Sequences and Series of Functions

As we already know how to define and write sequences and series of real numbers in mathematics. It is possible to define the sequence and series for functions, i.e., for real values functions. In this article, you will learn how to write the sequences and series of functions and the convergence of sequence and series of functions. Also, get the solved problems on sequences and series of functions here.

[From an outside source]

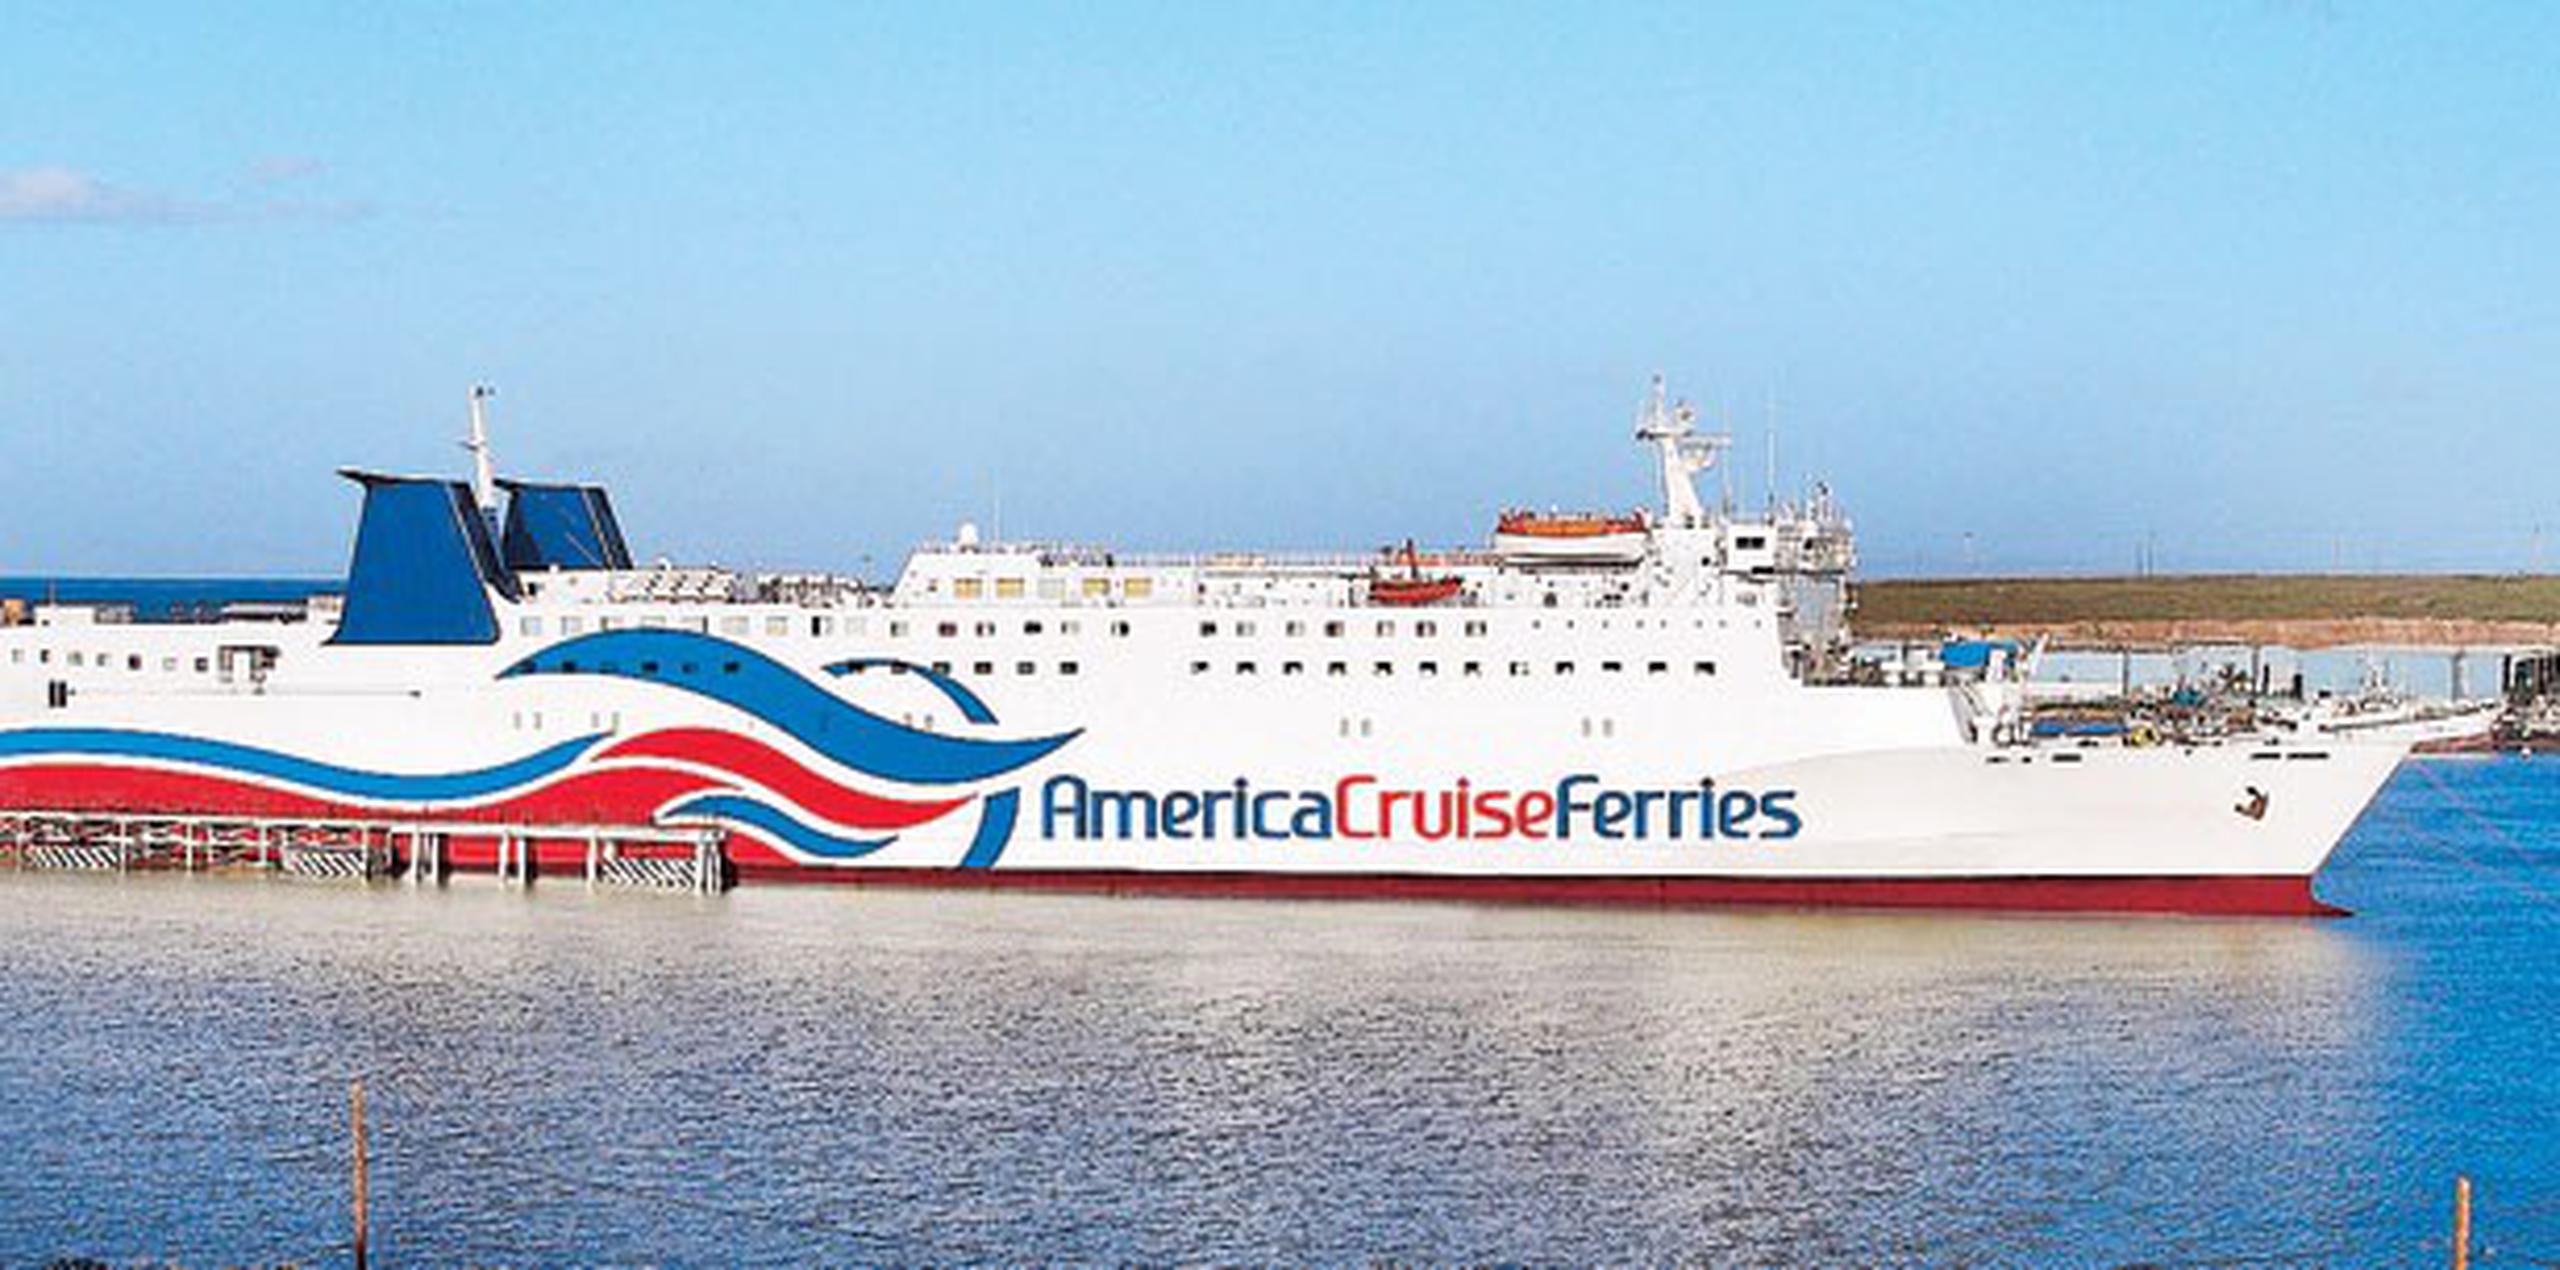 America Cruise Ferries ha transportado en el transcurso de la última década a más de un millón de pasajeros y 210,000 automóviles entre Puerto Rico y República Dominicana, lo que la convierte en una de las compañías del sector más importantes del Caribe. (Archivo)

Learn in detail about sequences and series.

Sequences of Functions

Suppose f_n be the real-valued function defined on E ⊆ R for each n ∈ N, then the set {fn}; n = 1, 2, 3, 4,…. is called the sequence of real-valued functions on E. It is denoted by {f_n}, <f_n> or {f_n : E → R, n ∈ N.

Example:

If f_n(x) = xⁿ; x ∈ [0, 1] is a real valued function then the sequence of real valued functions is written as: {f_n} = {f₁(x), f₂(x), f₃(x),….} = {x, x², x³,….} defined on [0, 1].

Series of Functions

Suppose {f_n} be the sequence of real-values functions defined by E ⊆ R such that the expression

\(\begin{array}{l}\sum_{n=1}^{\infty}f_n\end{array} \)

is called the series of real-values functions.

Example:

Let f_n(x) = (cos nx)/n² defined on [0, 1] then the series of functions is given by:

\(\begin{array}{l}\sum_{n=1}^{\infty}f_n(x)=f_1(x) + f_2(x) + f_3(x)+….\end{array} \)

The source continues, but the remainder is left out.